On February 22, 1984, petitioner filed a motion in circuit court requesting leave to sell respondent's residence. On May 2, 1984, petitioner made application for public aid on behalf of respondent. On June 14, 1984, the Department rejected the application. Although petitioner never appealed this ruling or sought clarification of the reasons behind it, Hunsaker testified that the application was rejected because she had more than $1,500 in cash and other assets. Specifically, respondent's residence, which the application valued at $5,000, was considered nonexempt homestead property because an intended sale of residential property expresses an intention on the part of the owner not to return to the residence, thereby rendering the homestead property nonexempt rather than exempt.
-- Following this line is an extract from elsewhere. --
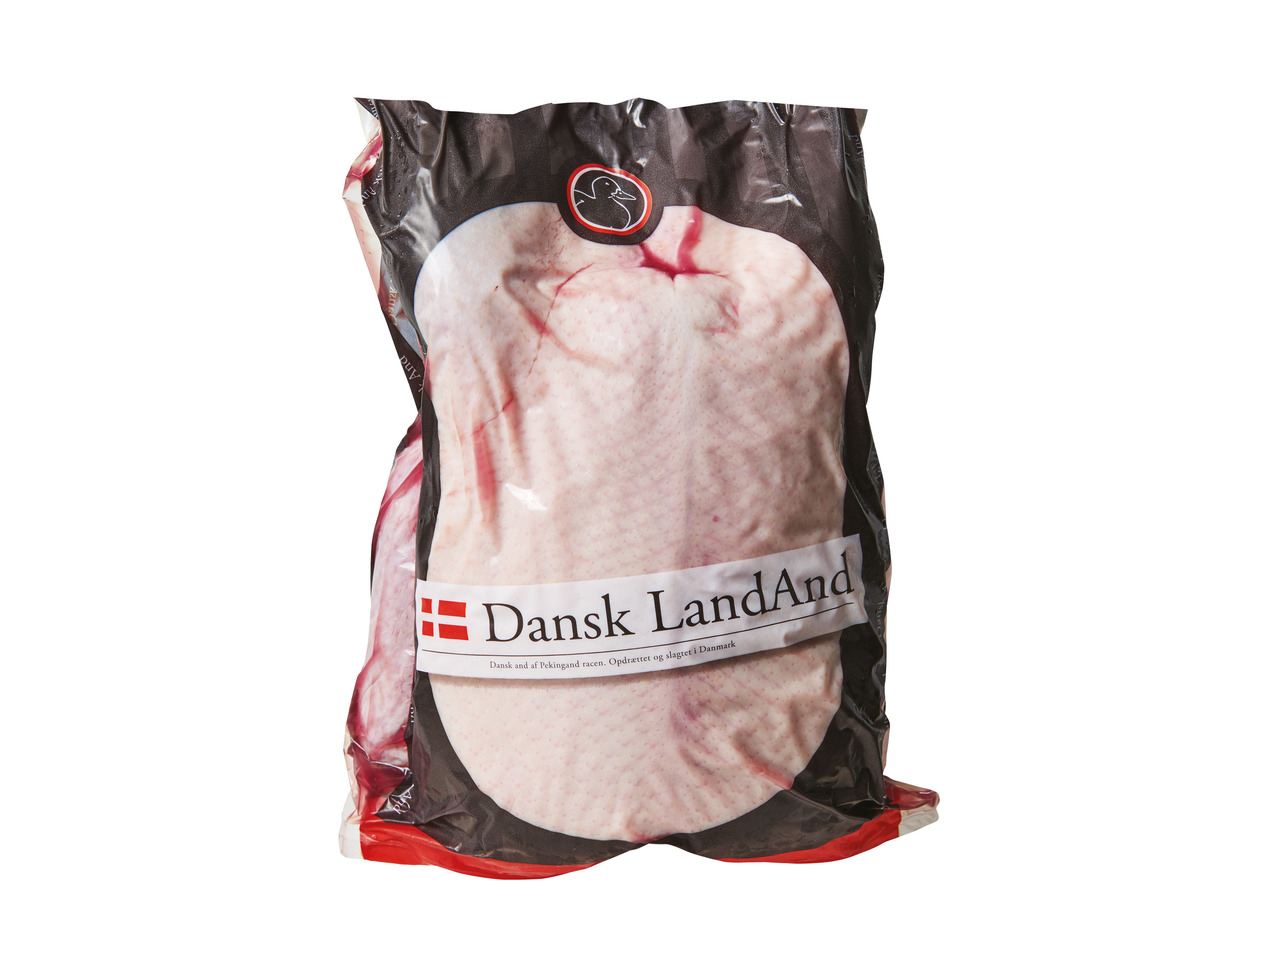 DANSK AND Hel dansk landand

Hunsaker further testified that absent an intention to sell residential property, the Department ascertains the intention of an individual to return to the residence by asking the individual. If the individual says "yes," then the Department rules that the homestead property is exempt for purposes of determining eligibility.

On March 28, 1985, petitioner submitted a second application for public aid which was approved and made retroactive to December 1984. However, respondent accumulated a nursing home payment arrearage of $3,893.55 during the time prior to her receiving benefits. In an effort to pay the arrearage, petitioner obtained the circuit court's permission to sell the residence privately for $2,500 and to sell the oil and gas interests at a public sale, which grossed $2,200. Part of these proceeds was applied to a $1,500 certificate of deposit for a burial plan which was liquidated shortly thereafter to pay the arrearage. Although the proceeds from these sales exceed the amount of the arrearage, the costs associated with the sale and guardianship expenses made the net amount applied to the arrearage less than the total arrearage. At the time of trial respondent still had an arrearage of $118.35.
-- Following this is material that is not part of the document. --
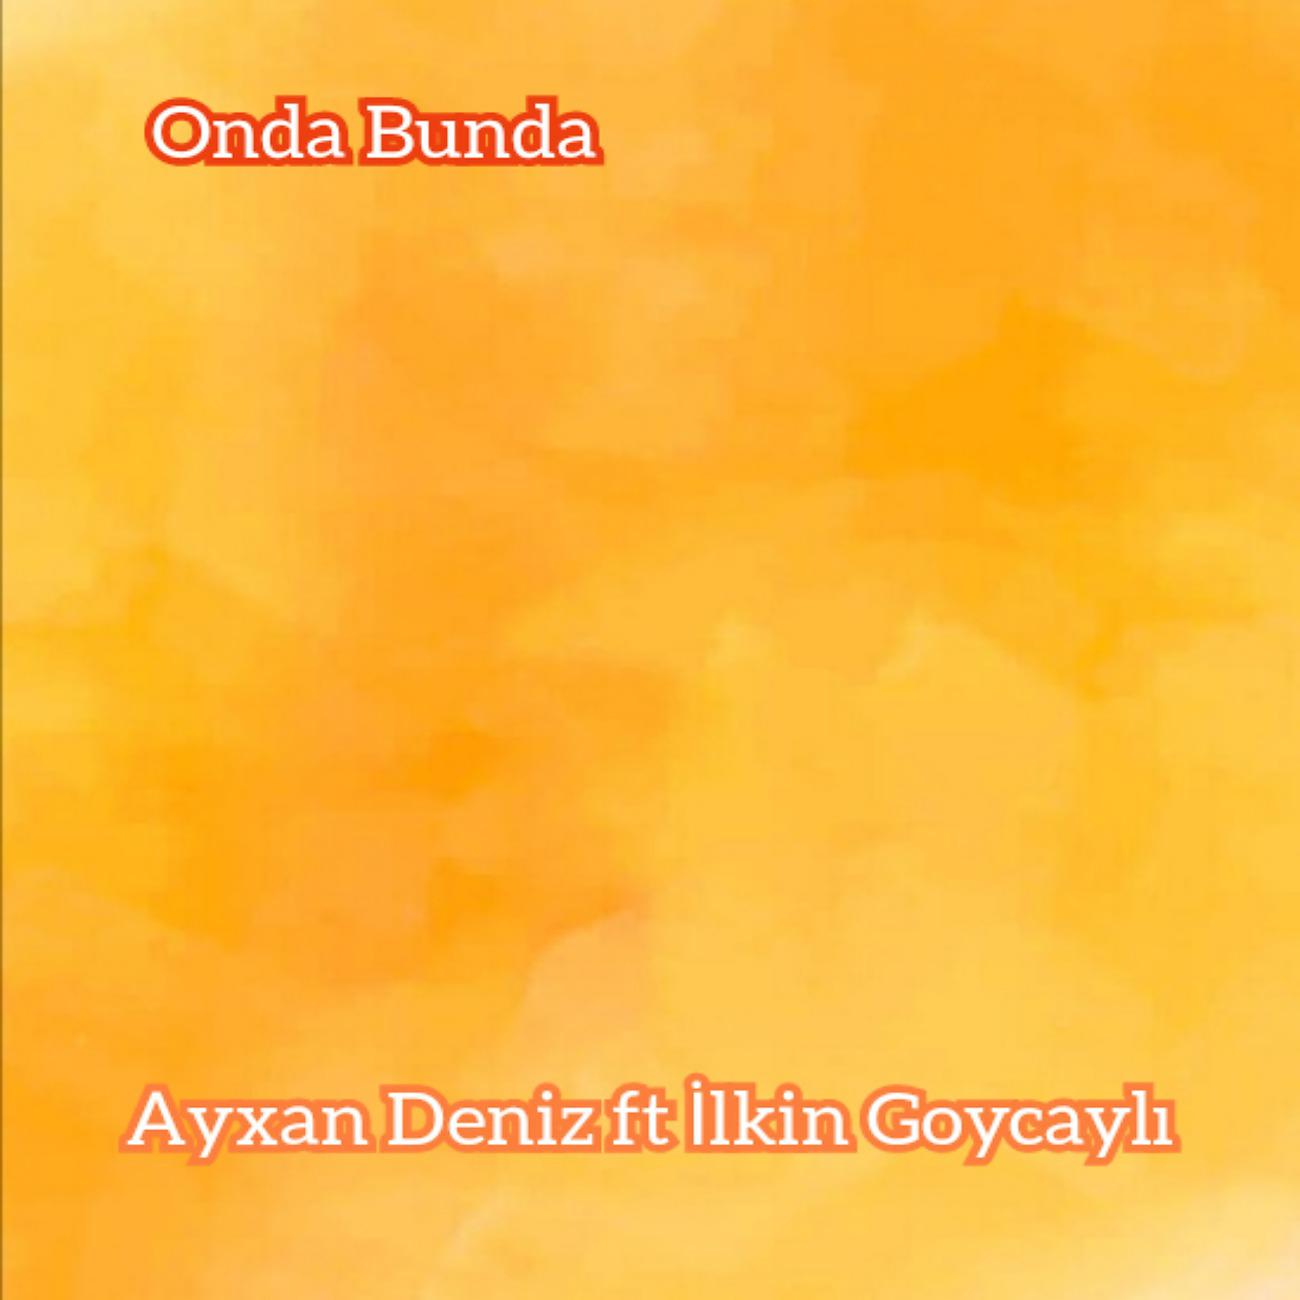 Постер альбома Onda Bunda

On July 24, 1986, petitioner authorized the nursing home to take money from respondent's social security living-expense trust account which had been set aside for her personal needs (e.g., clothing, postage, haircuts, lotion, personal items). Although the nursing home was authorized to take all or part of the $25 per month which was to be paid into this trust account from respondent's monthly social security check, Karen Wendt, the nursing home administrator, testified that they had not applied this money to the arrearage for several months because respondent had no spending money. Ms. Wendt further testified that although respondent's trust account received the $25 per month from petitioner from June 1986 onward, the full monthly amount had not been received since November 1985.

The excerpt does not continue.